Tuesday, April 7, 2026
News

State governments likely to raise Rs 13.4-14 lakh crore in FY27, up 5-9% YoY: ICRA

SocialTwist Tell-a-Friend    Print this Page   COMMENT

New Delhi | April 6, 2026 3:22:42 PM IST
State governments are expected to raise between Rs 13.4 lakh crore and Rs 14 lakh crore in the current financial year FY2027, marking a growth of 5 to 9 per cent compared to the previous year, according to a report by ICRA.

The report noted that after accounting for redemptions of Rs 4.2 trillion in FY2027, the net State Government Securities (SGS) issuance is estimated to be in the range of Rs 9.2-9.7 trillion (1 trillion = 1 lakh crore). This reflects a year-on-year growth of 1 to 8 per cent compared to Rs 9.0 trillion in FY2026".

It stated, "ICRA forecasts the gross SGS issuance in FY2027 in a range of Rs. 13.4-14.0 trillion (5-9 per cent YoY growth), up from Rs. 12.8 trillion in FY2026".

The Reserve Bank of India has already outlined borrowing plans for the first quarter of FY2027. The central bank has pegged the gross SGS issuance at Rs 2.5 trillion for Q1 FY2027, which is 26.7 per cent higher on a year-on-year basis.

A key feature of the borrowing strategy this year is the Benchmark Issuance Strategy (BIS), introduced by the RBI on a pilot basis. Under this framework, nine states will collectively borrow Rs 1.5 trillion by issuing securities in standardised maturity buckets.

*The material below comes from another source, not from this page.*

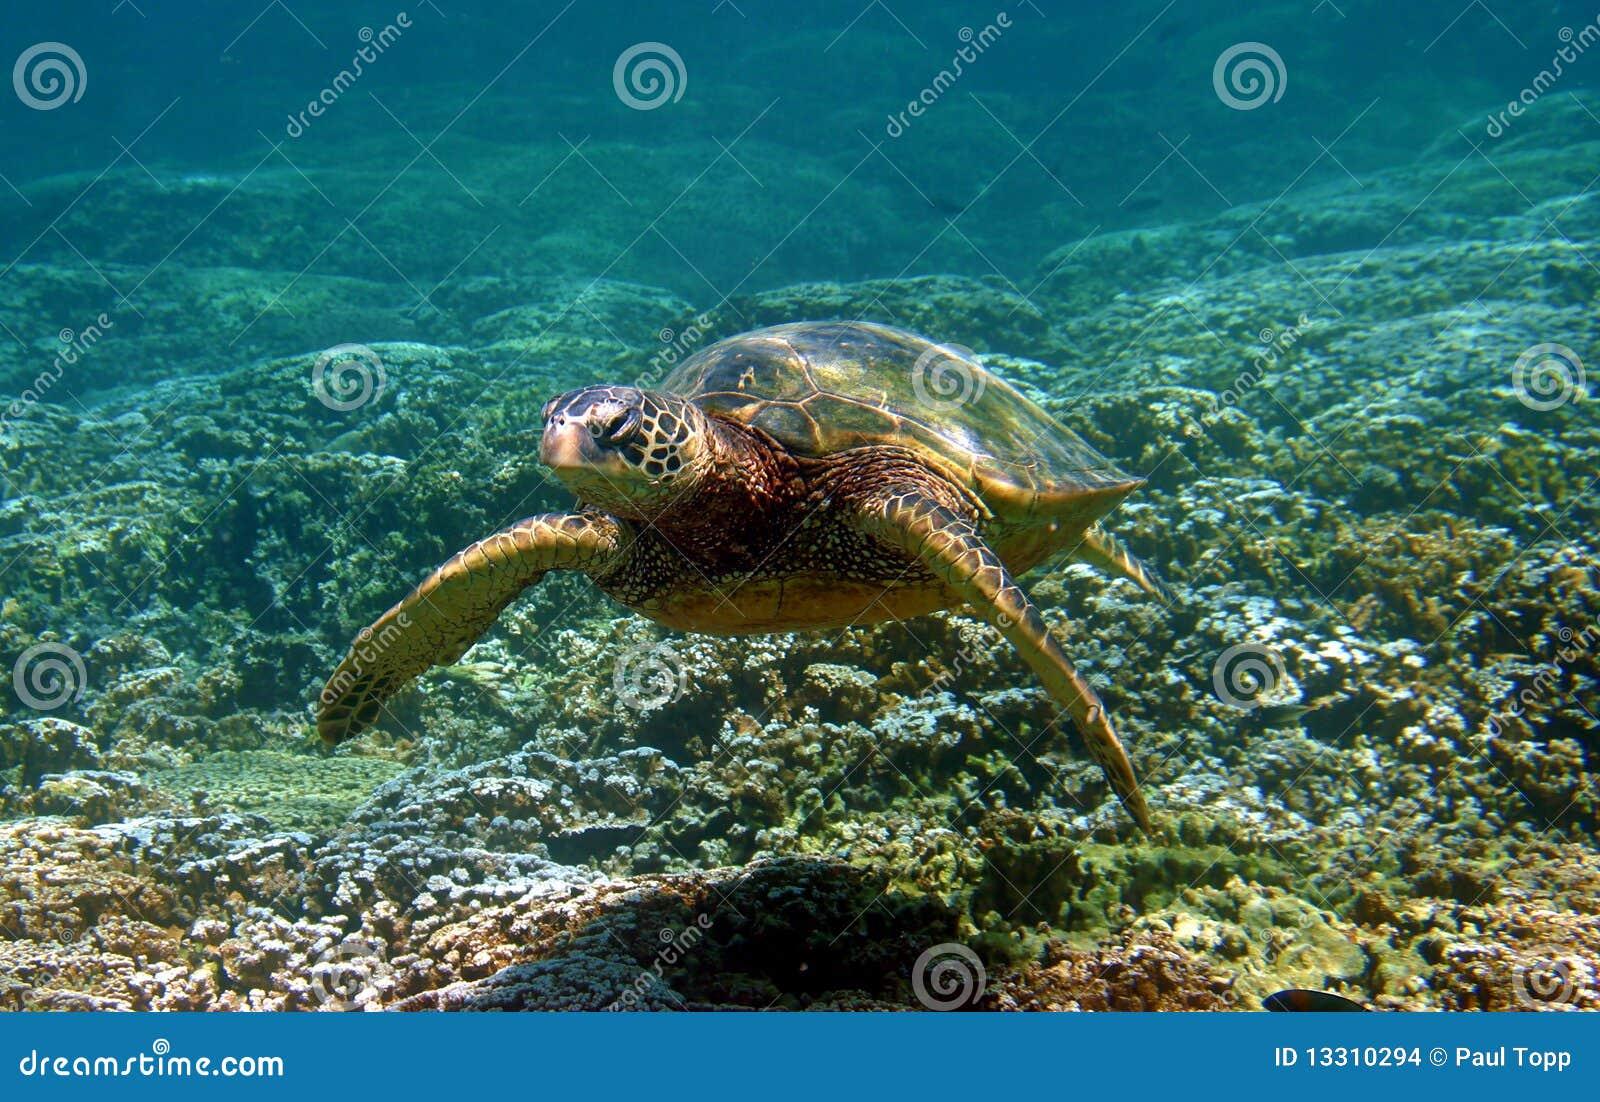 Tartaruga de mar verde Havaí

The aim of this approach is to develop a more structured SGS yield curve over time, which will help improve liquidity and transparency in state government borrowings.

However, the report pointed out that for the BIS to be effective, actual issuance by the participating states must align closely with the indicated borrowing amounts in the benchmark maturity buckets.

In recent years, there has been a noticeable gap between the indicated and actual SGS issuance in the first quarter, which has limited the effectiveness of such strategies.

The report suggested that this gap could be reduced if states submit required information more quickly to the Government of India for determining their borrowing limits. Faster vetting, approval and communication of borrowing limits by the Centre could also help streamline the process. (ANI)

 
  LATEST COMMENTS ()
POST YOUR COMMENT
Comments Not Available
 
POST YOUR COMMENT
 
 
TRENDING TOPICS
 
 
CITY NEWS
MORE CITIES
 
 
 
MORE BUSINESS NEWS
Wipro shares closed with gains after sec...
Igniting Minds Organisation Strengthens ...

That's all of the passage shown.